PROBLEM DETAILS
Your copy should match the listing below exactly, except that it holds no images.

SUPPLIED DATA
---------------

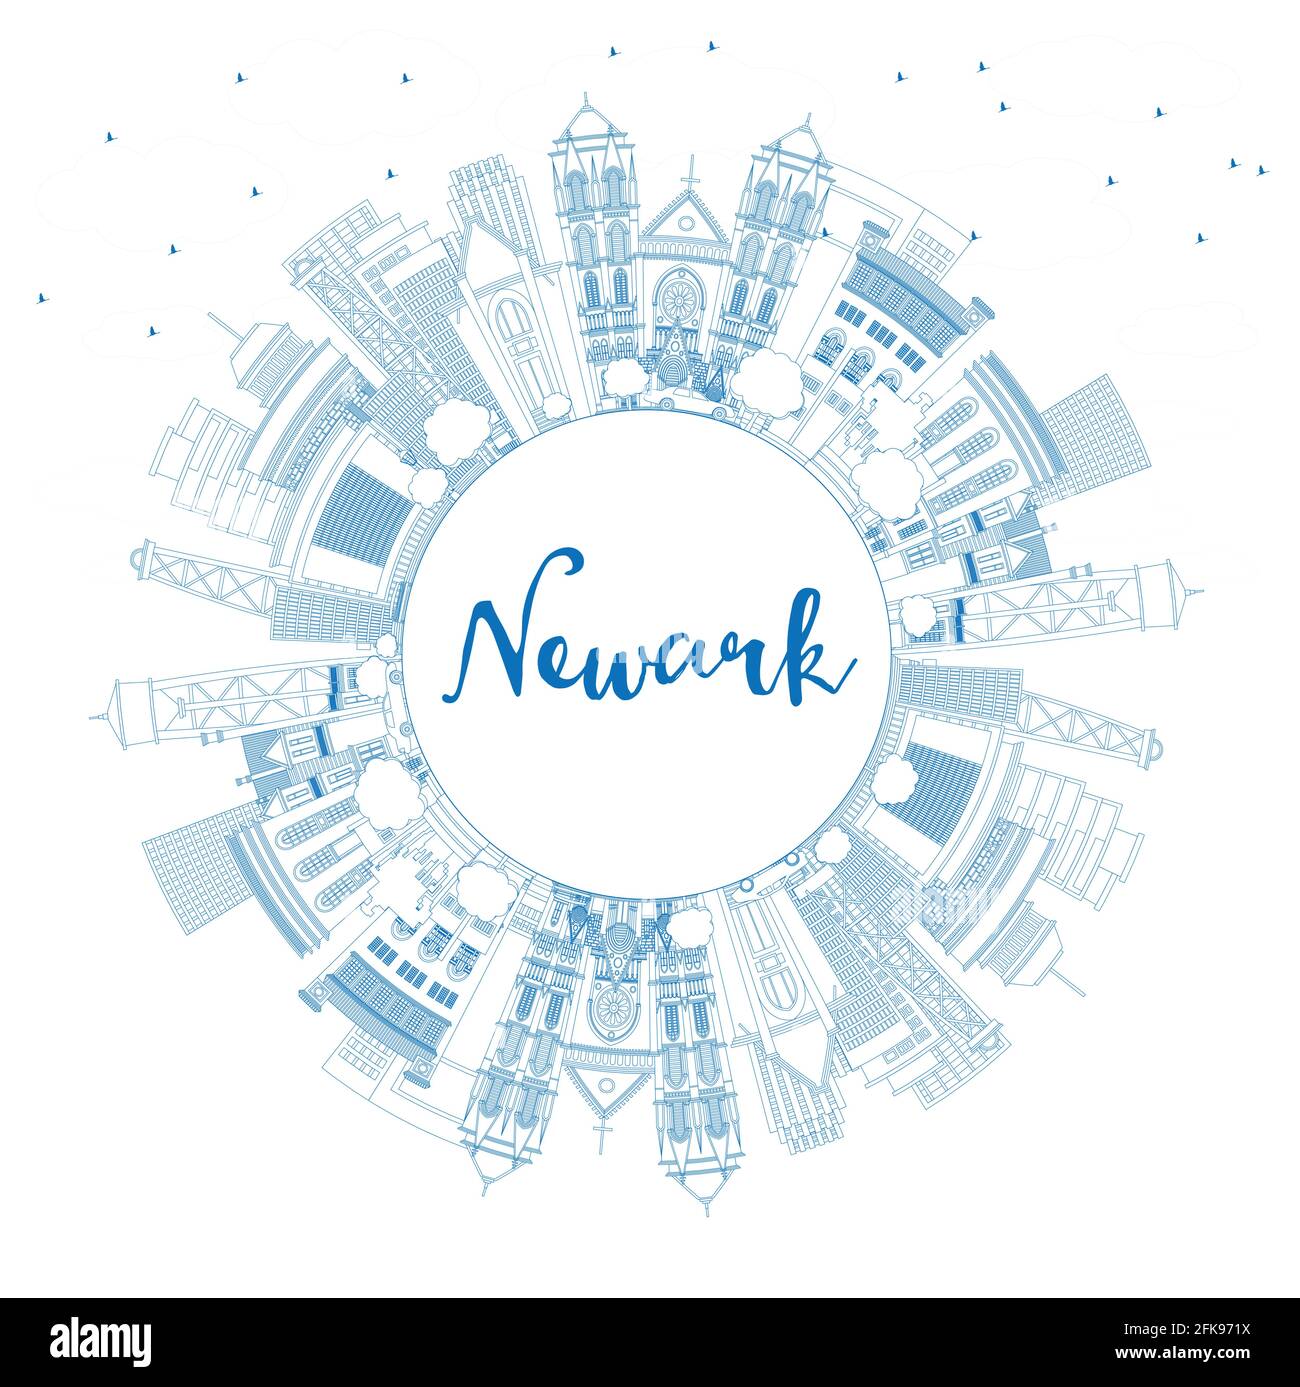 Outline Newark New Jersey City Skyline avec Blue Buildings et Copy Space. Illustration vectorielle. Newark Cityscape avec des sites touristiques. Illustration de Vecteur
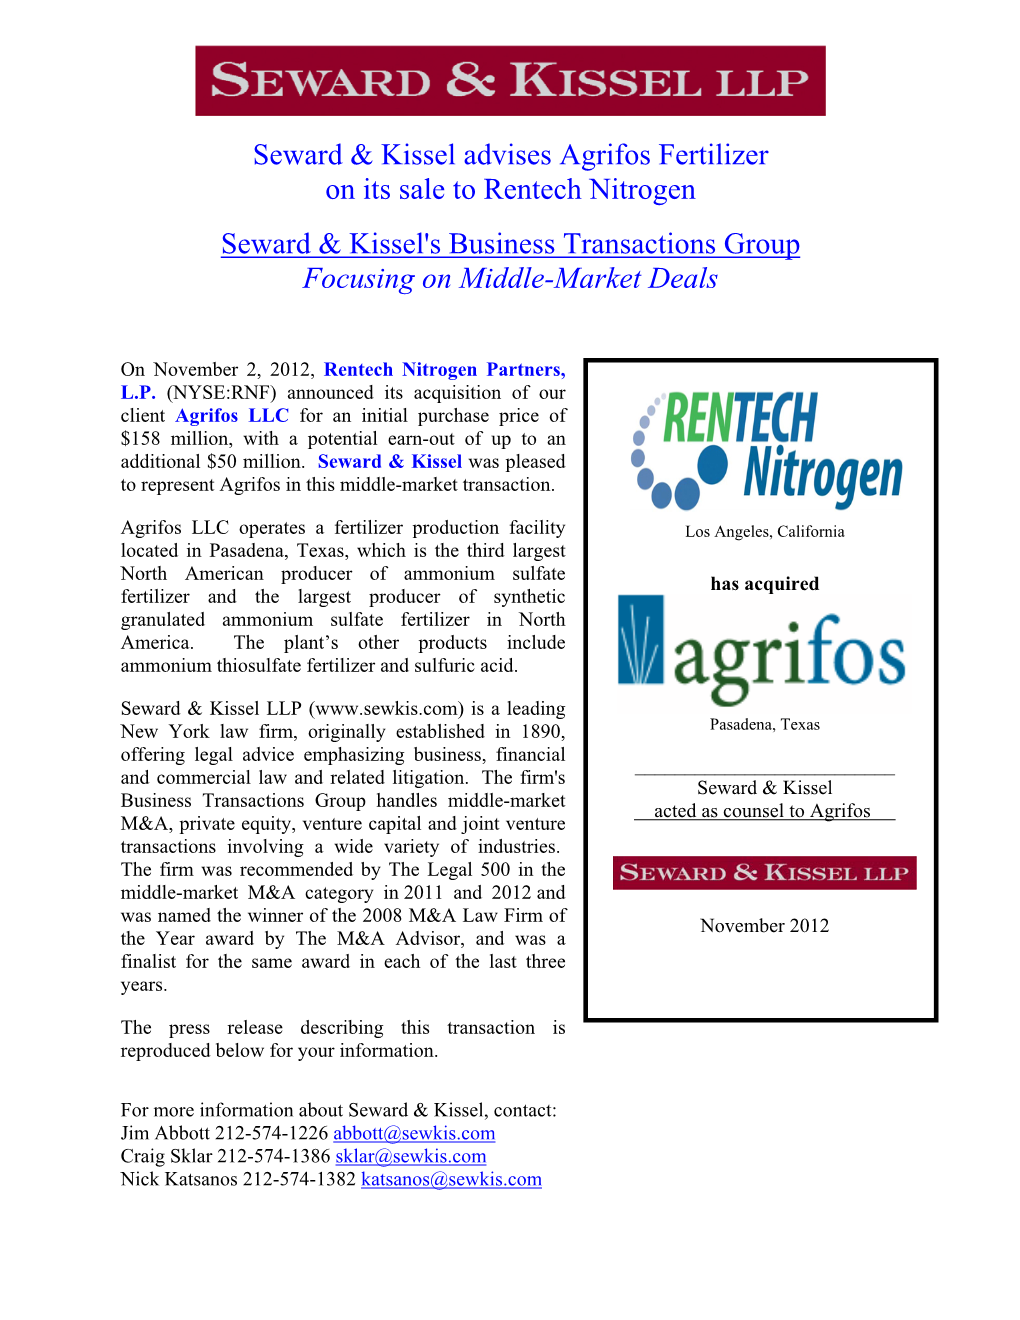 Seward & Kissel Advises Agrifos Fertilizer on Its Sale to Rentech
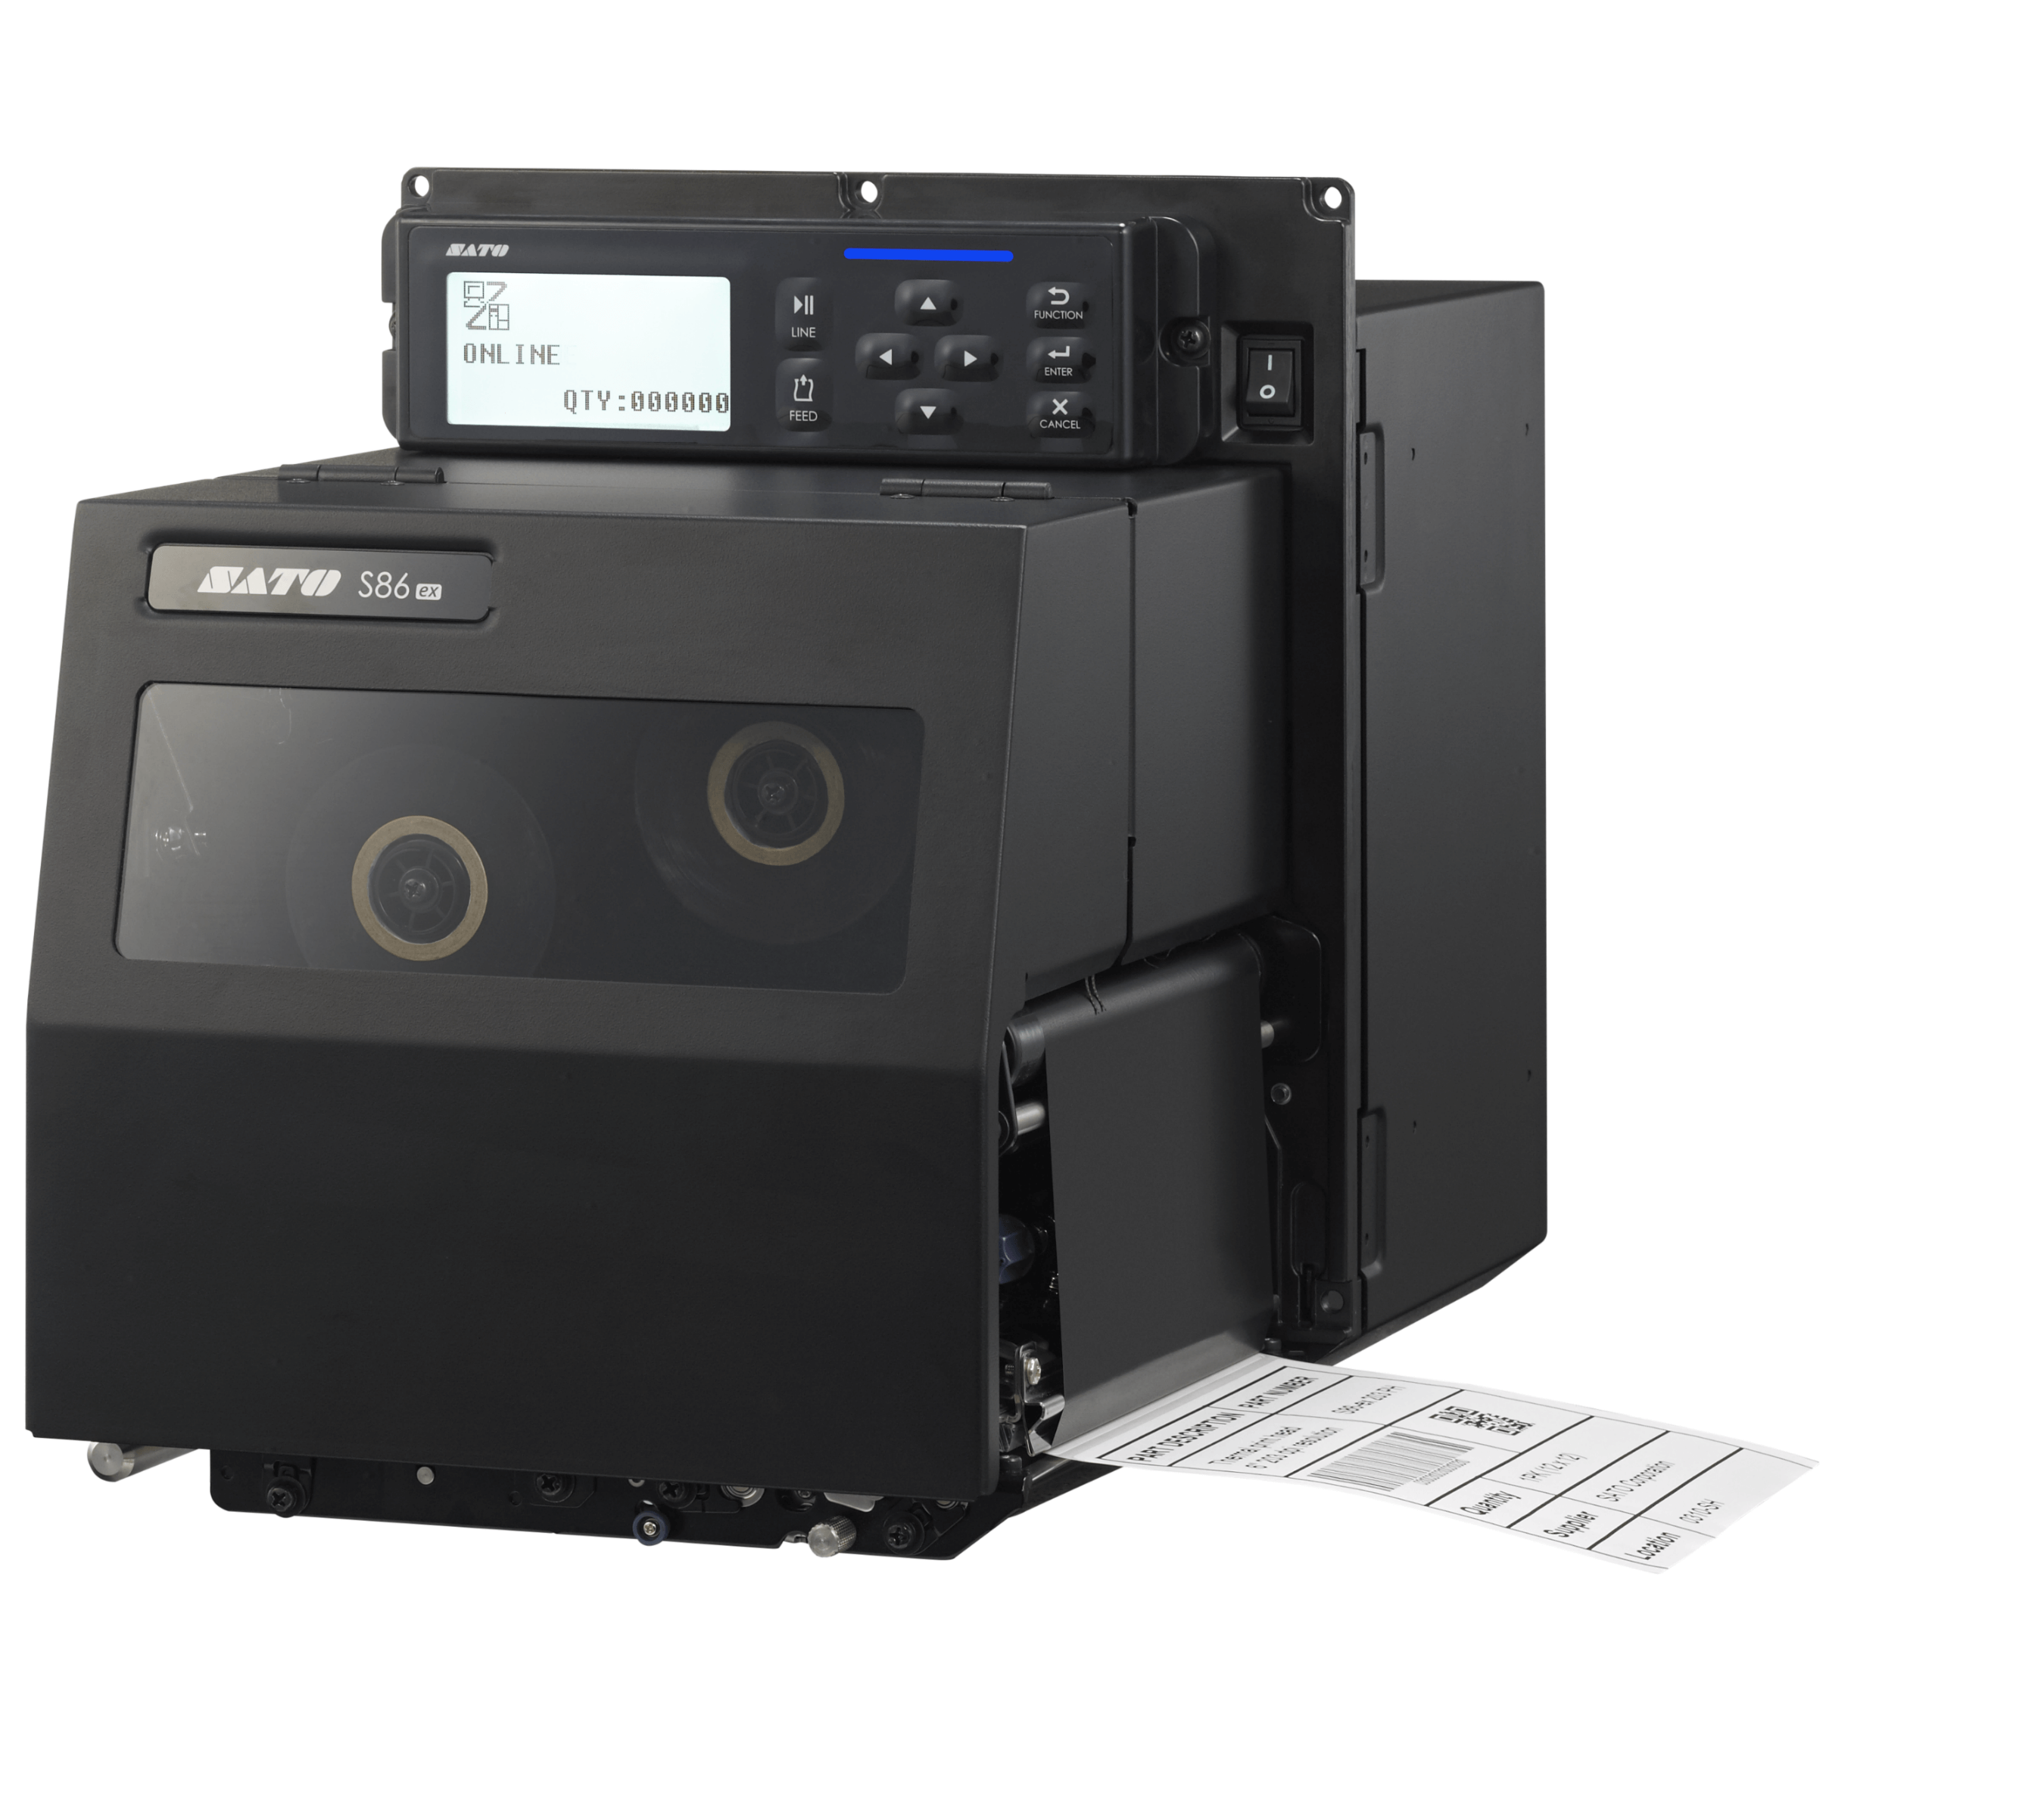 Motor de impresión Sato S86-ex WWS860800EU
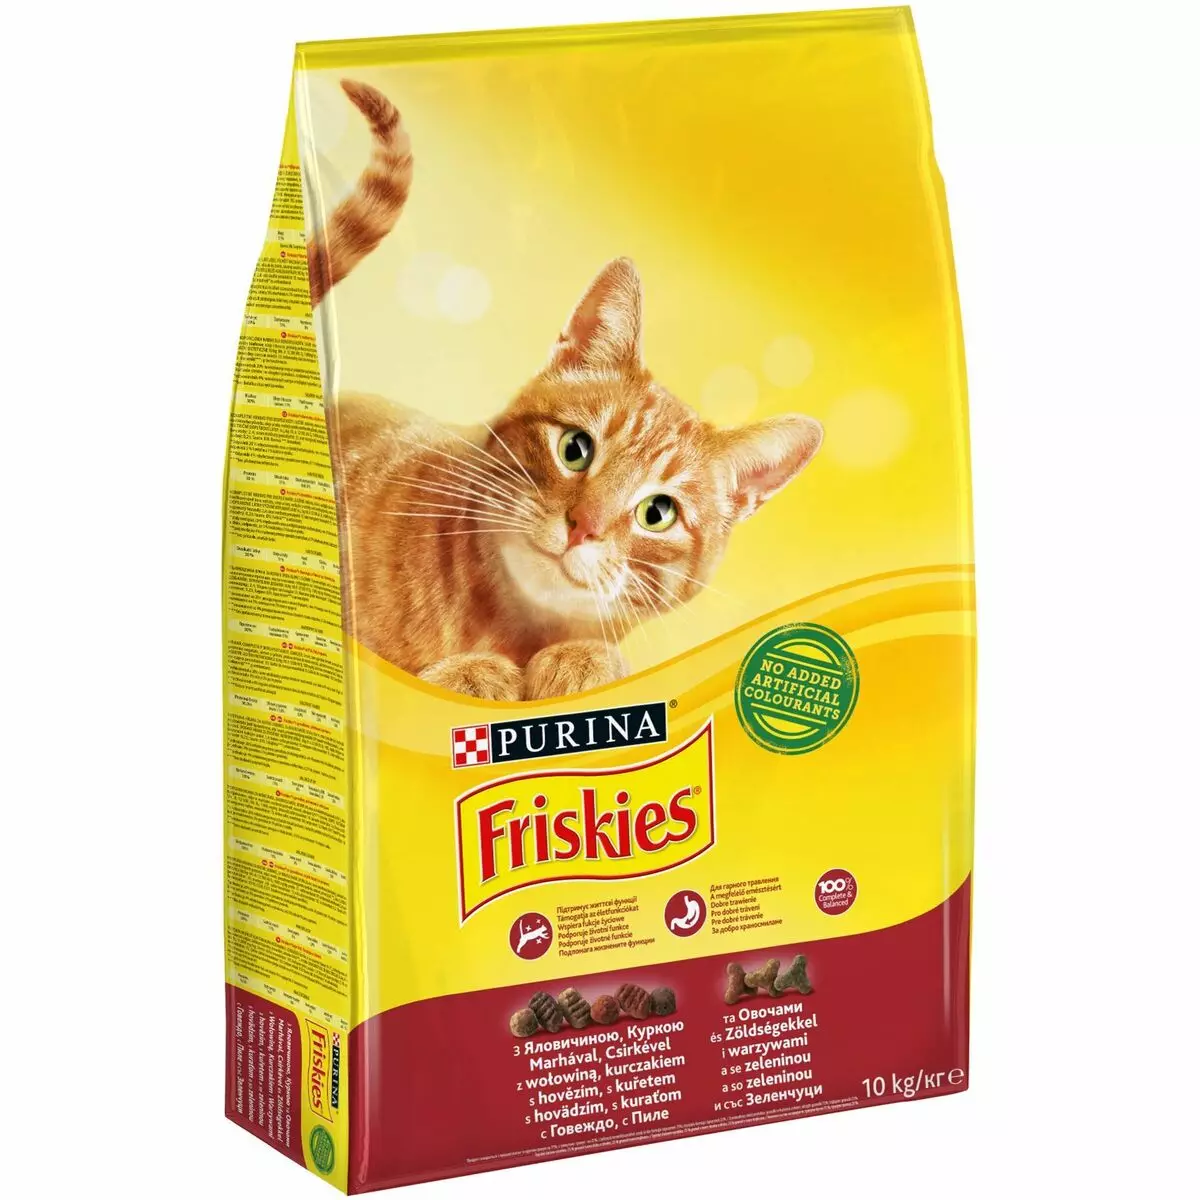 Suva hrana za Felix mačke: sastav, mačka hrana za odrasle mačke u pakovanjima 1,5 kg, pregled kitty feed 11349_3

---------------

RESULT FOR THIS TASK
 Outline Newark New Jersey City Skyline avec Blue Buildings et Copy Space. Illustration vectorielle. Newark Cityscape avec des sites touristiques. Illustration de Vecteur
 Seward & Kissel Advises Agrifos Fertilizer on Its Sale to Rentech
 Motor de impresión Sato S86-ex WWS860800EU
 Suva hrana za Felix mačke: sastav, mačka hrana za odrasle mačke u pakovanjima 1,5 kg, pregled kitty feed 11349_3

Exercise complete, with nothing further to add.